◆ **WORK ORDER**
With the images removed, repeat the data below exactly.

◆ **PROVIDED DATA**
══════════════════════════════

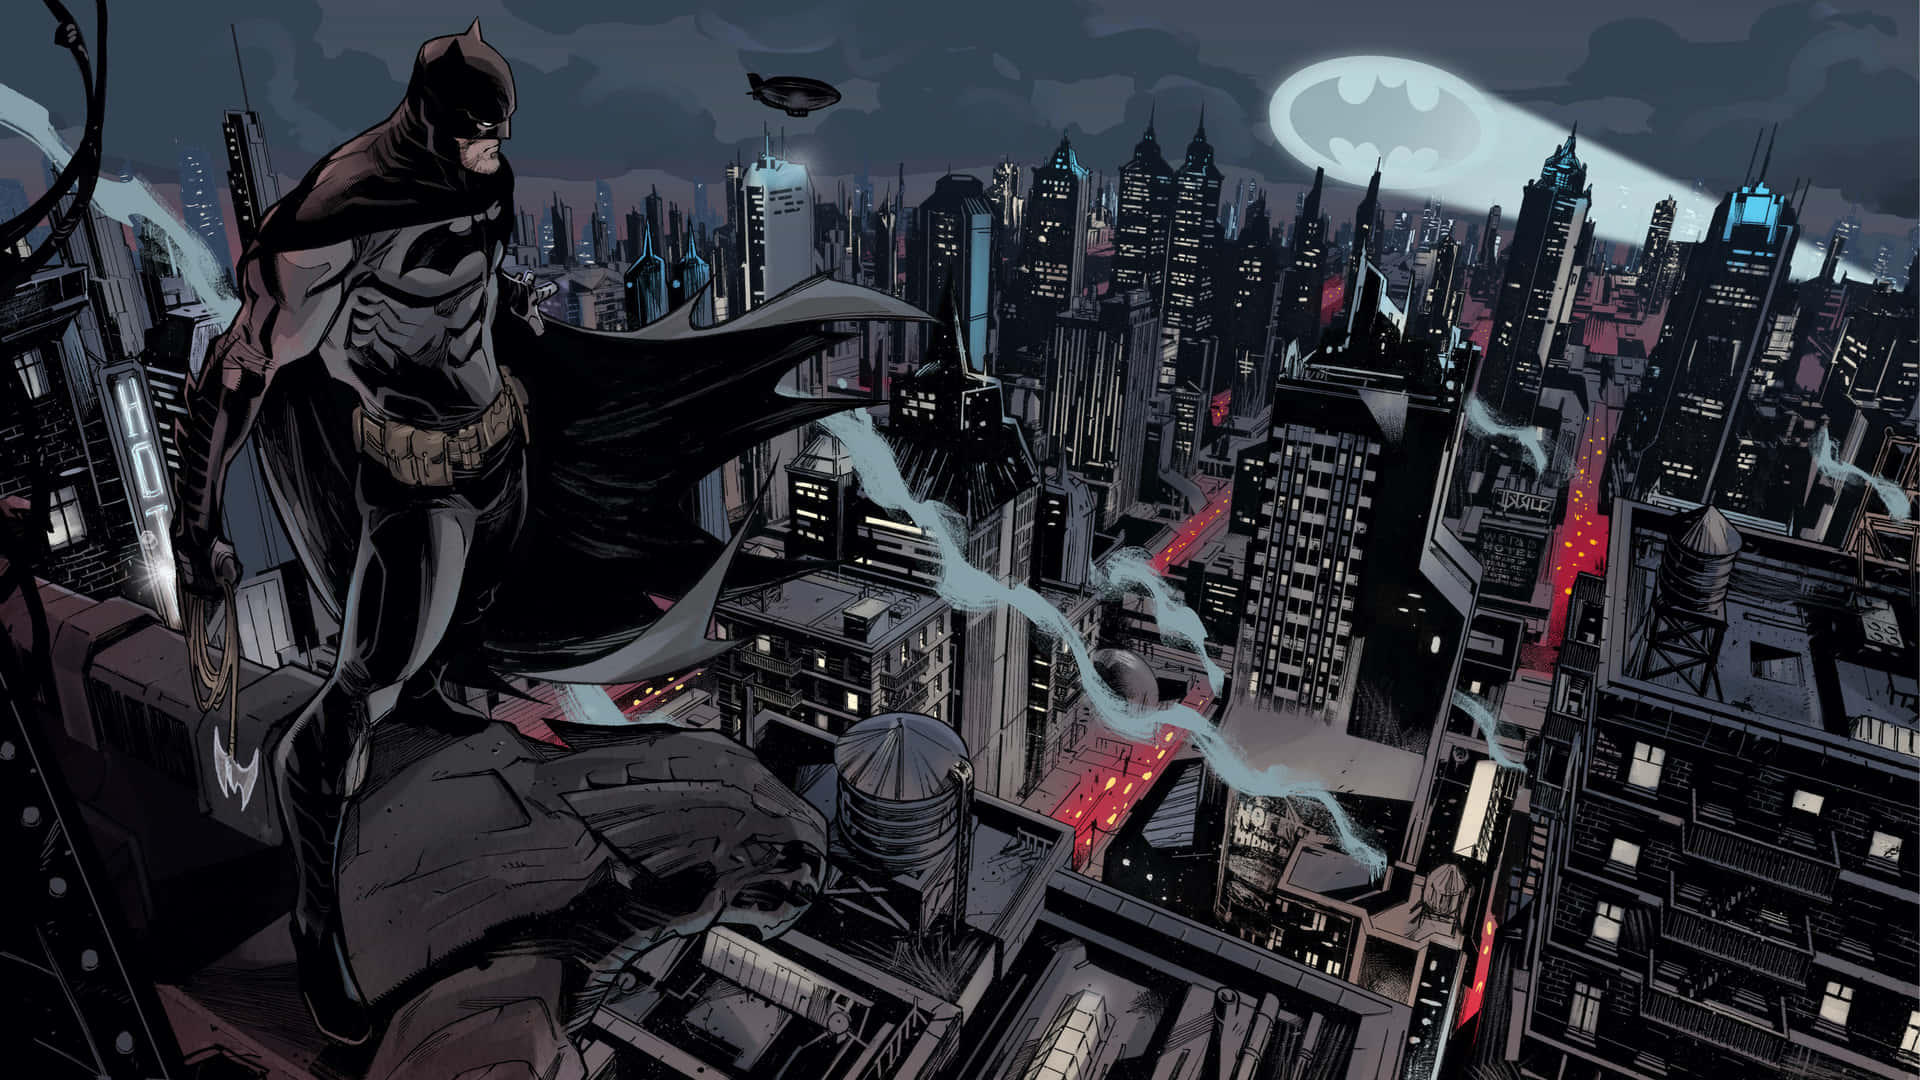 Immagini Di Gotham City
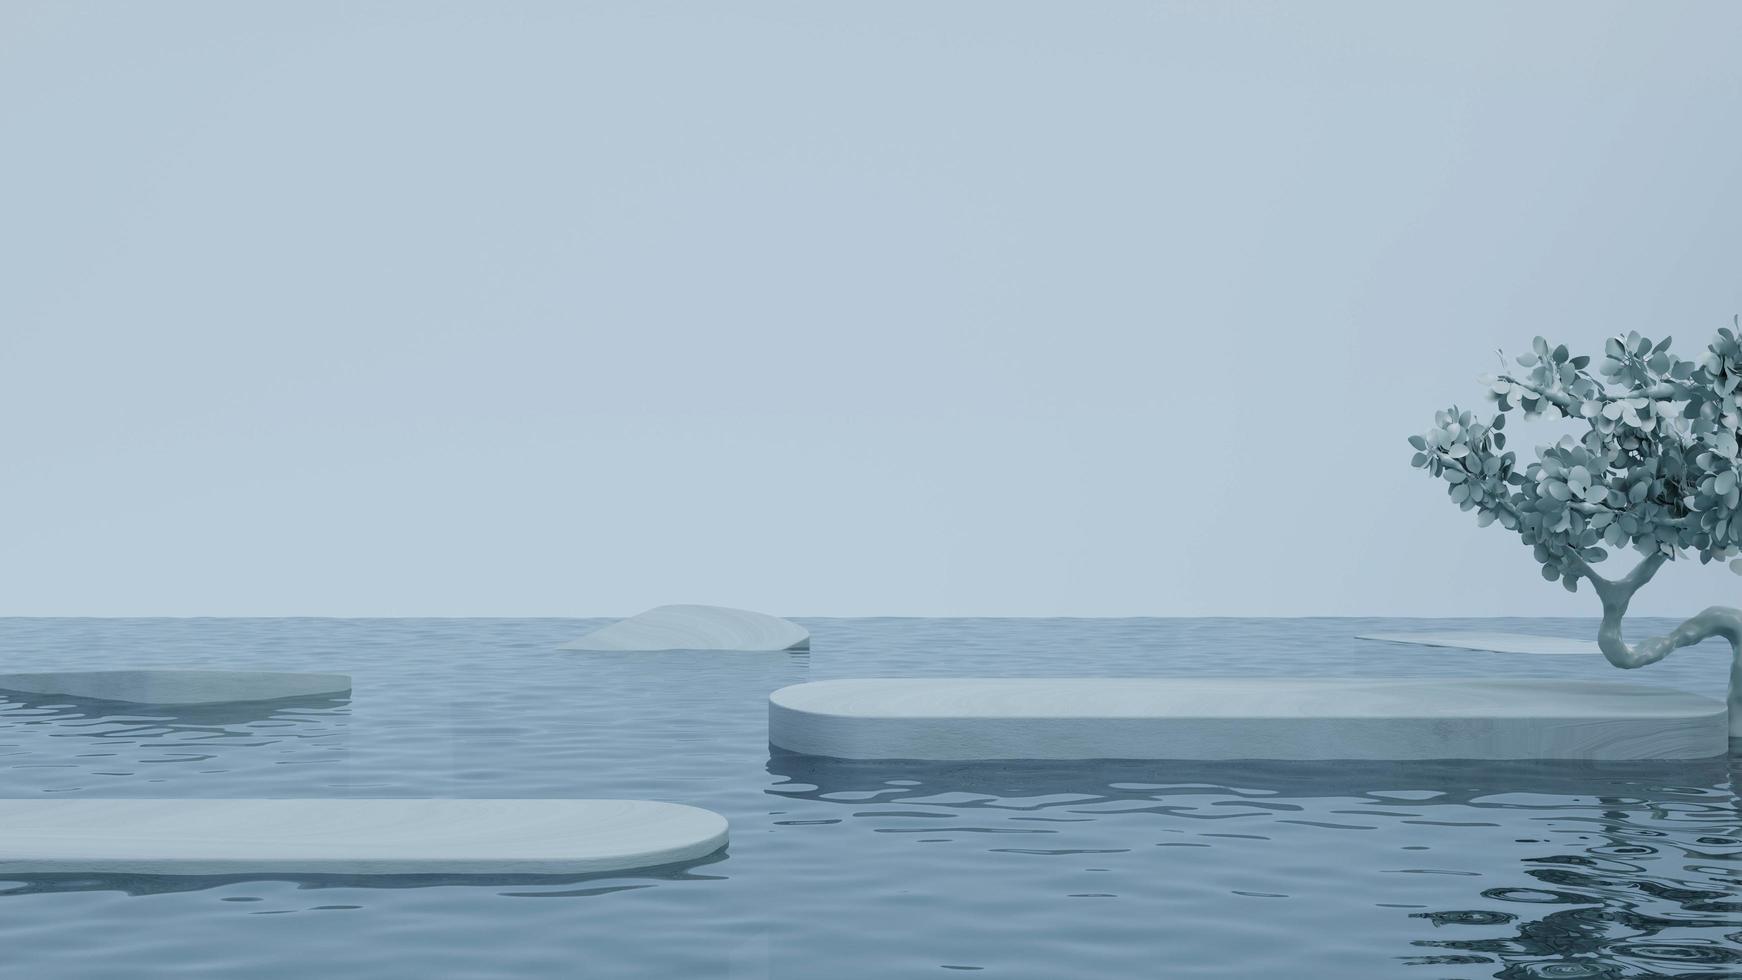 plataforma de exibição do produto flutuando na ilustração de renderização 3d da superfície da água foto
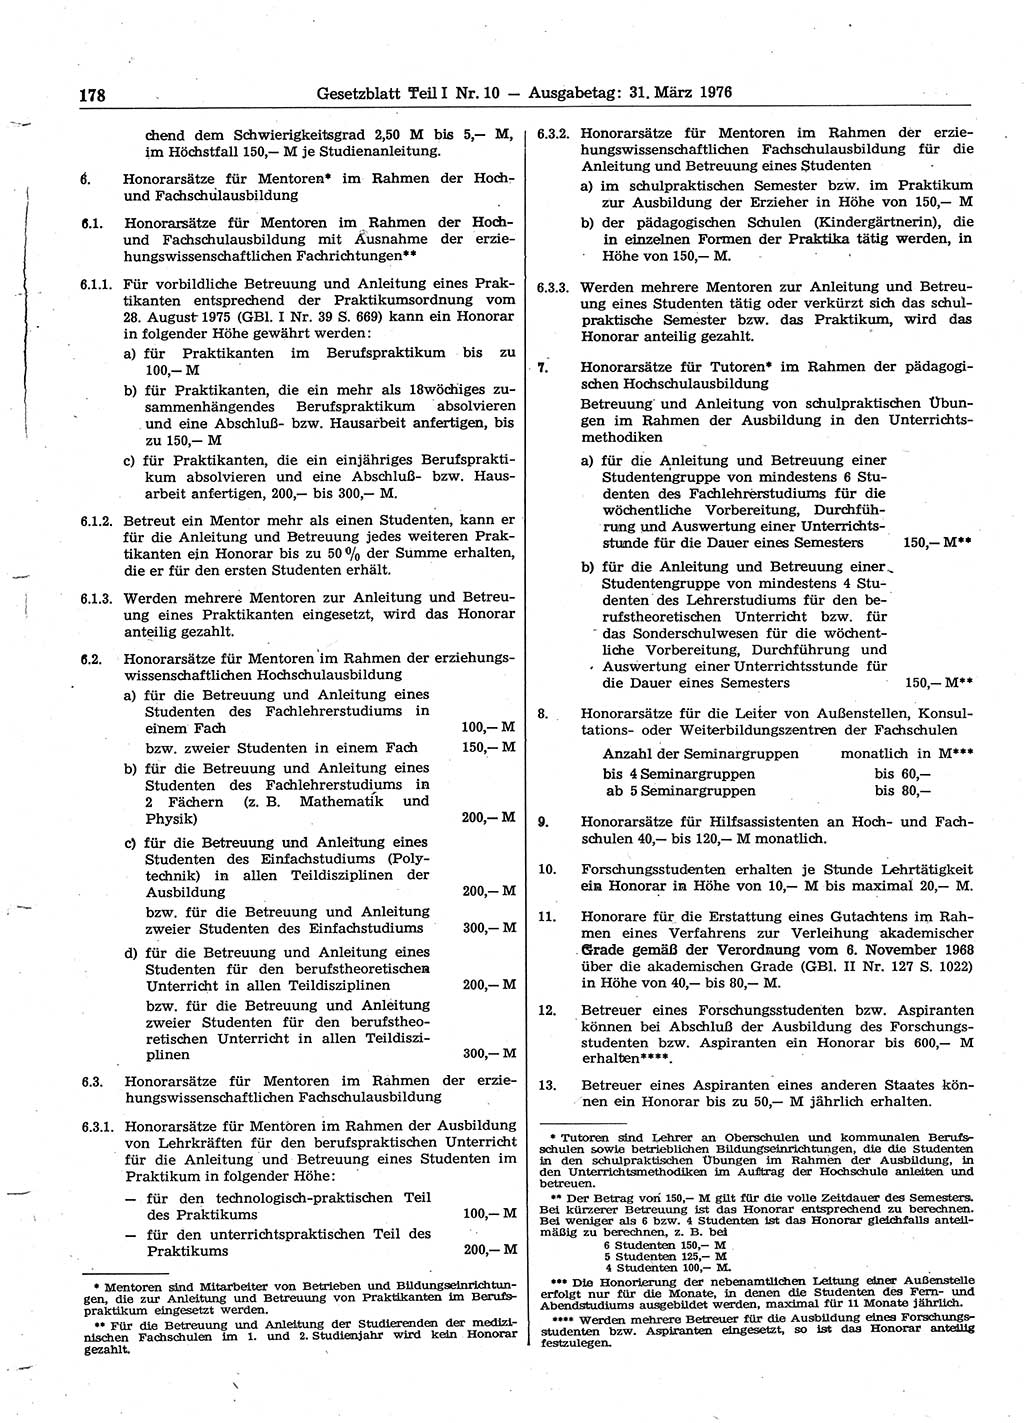 Gesetzblatt (GBl.) der Deutschen Demokratischen Republik (DDR) Teil Ⅰ 1976, Seite 178 (GBl. DDR Ⅰ 1976, S. 178)

══════════════════════════════

◆ **ANSWER BOX**
 Immagini Di Gotham City
 plataforma de exibição do produto flutuando na ilustração de renderização 3d da superfície da água foto
 Gesetzblatt (GBl.) der Deutschen Demokratischen Republik (DDR) Teil Ⅰ 1976, Seite 178 (GBl. DDR Ⅰ 1976, S. 178)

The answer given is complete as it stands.